* [Work request]:
Leave the pictures out and quote only the lines from the one with "Zcm Bo-B Dylan" down to the end of the listing below.

━━━ Given material

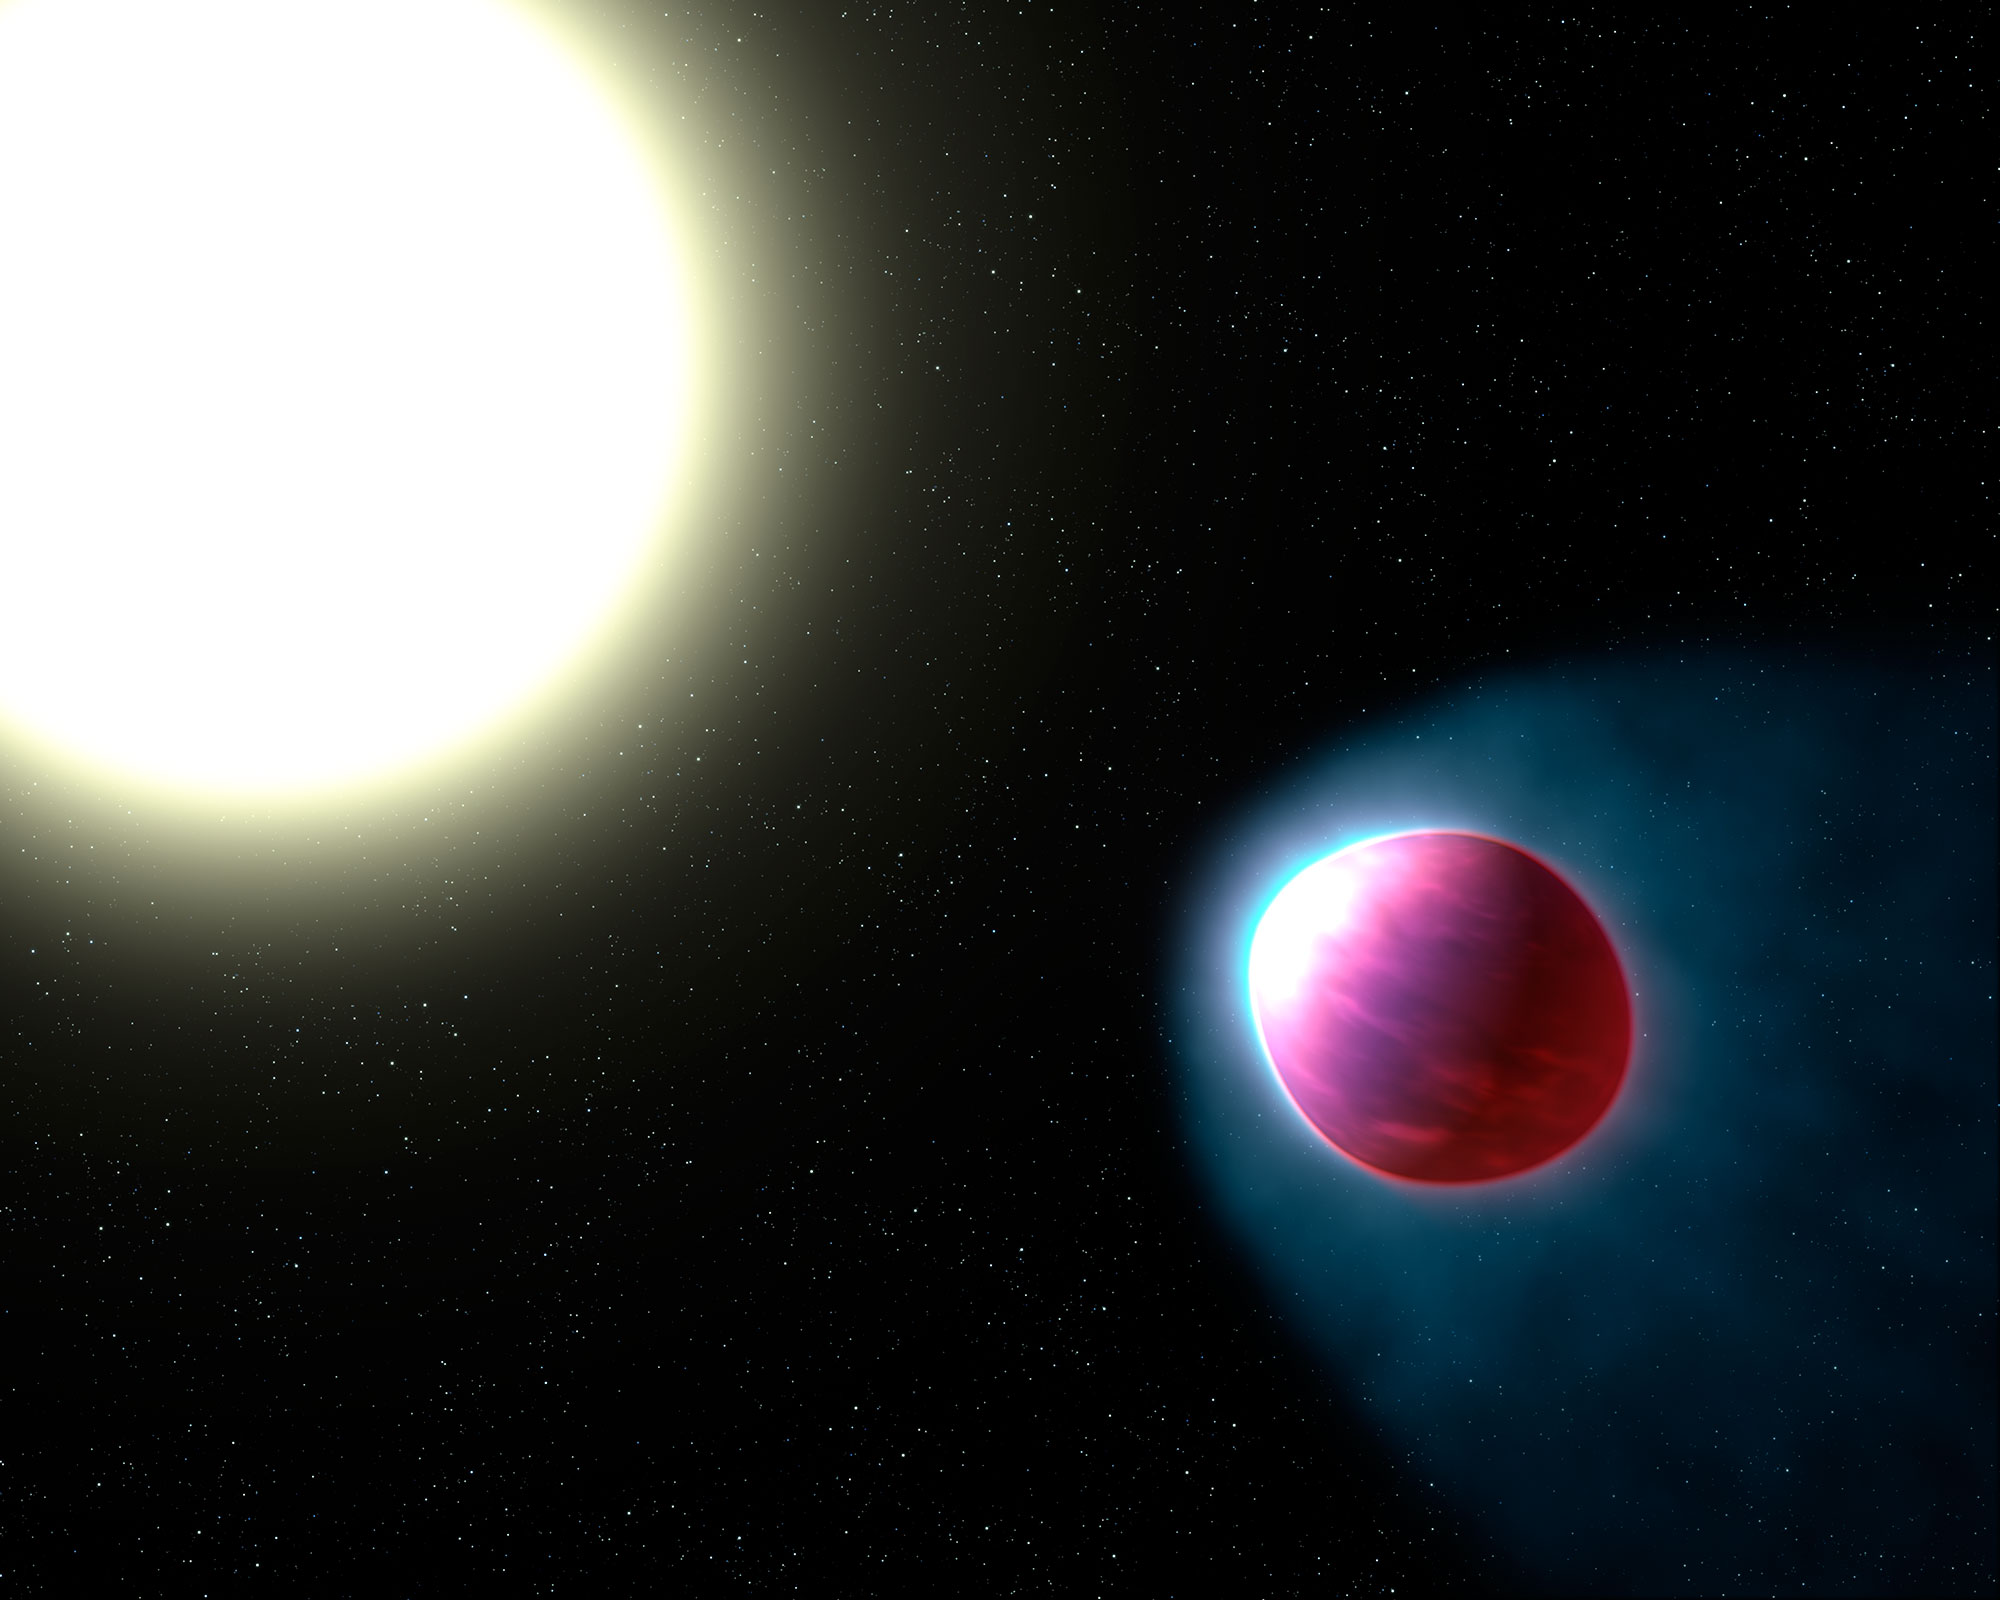 El Hubble detecta la primera estratosfera de un exoplaneta.
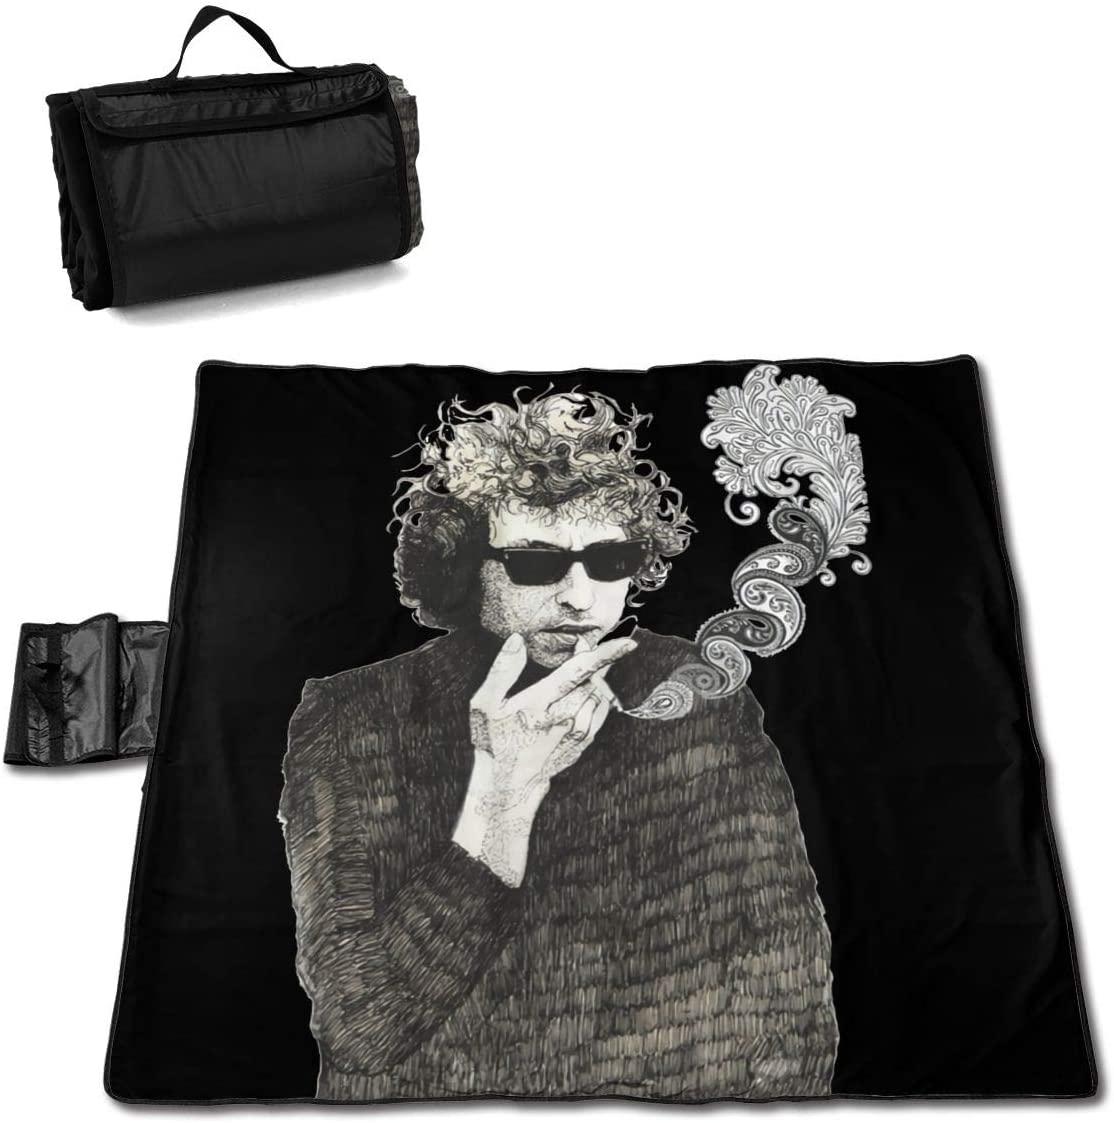 Zcm Bo-B Dylan Funny Portable Printed Picnic Blanket Waterproof 59x57(in)
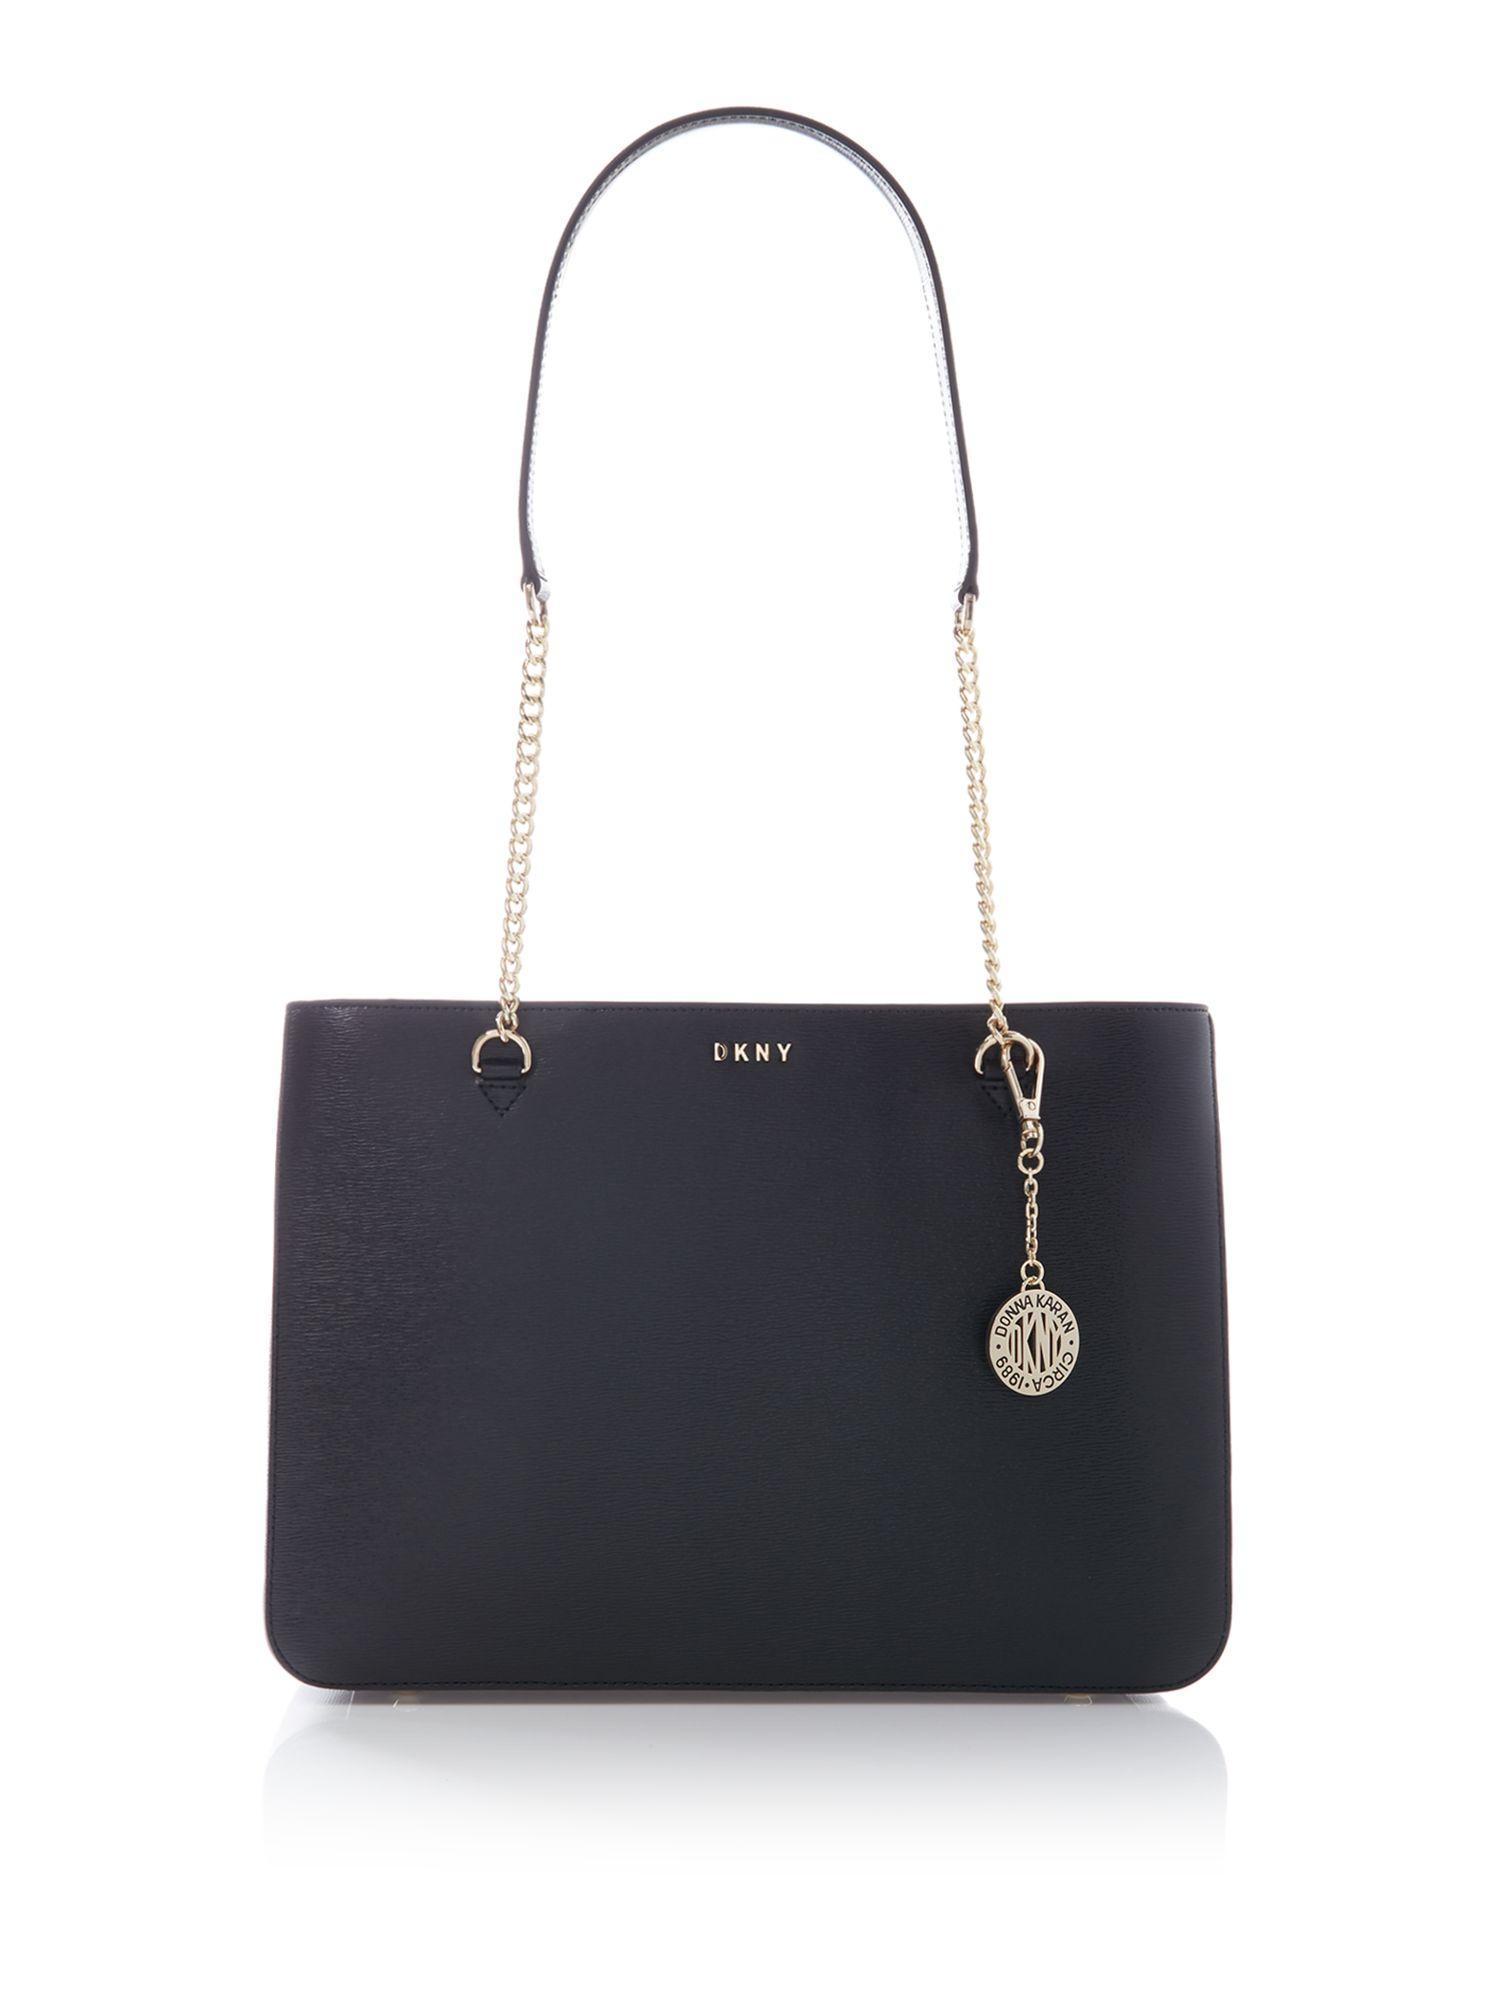 DKNY bags dkny sutton chain shopper ... ZNUWOEV

━━━━━━

* [Answer below]:
 Zcm Bo-B Dylan Funny Portable Printed Picnic Blanket Waterproof 59x57(in)
 DKNY bags dkny sutton chain shopper ... ZNUWOEV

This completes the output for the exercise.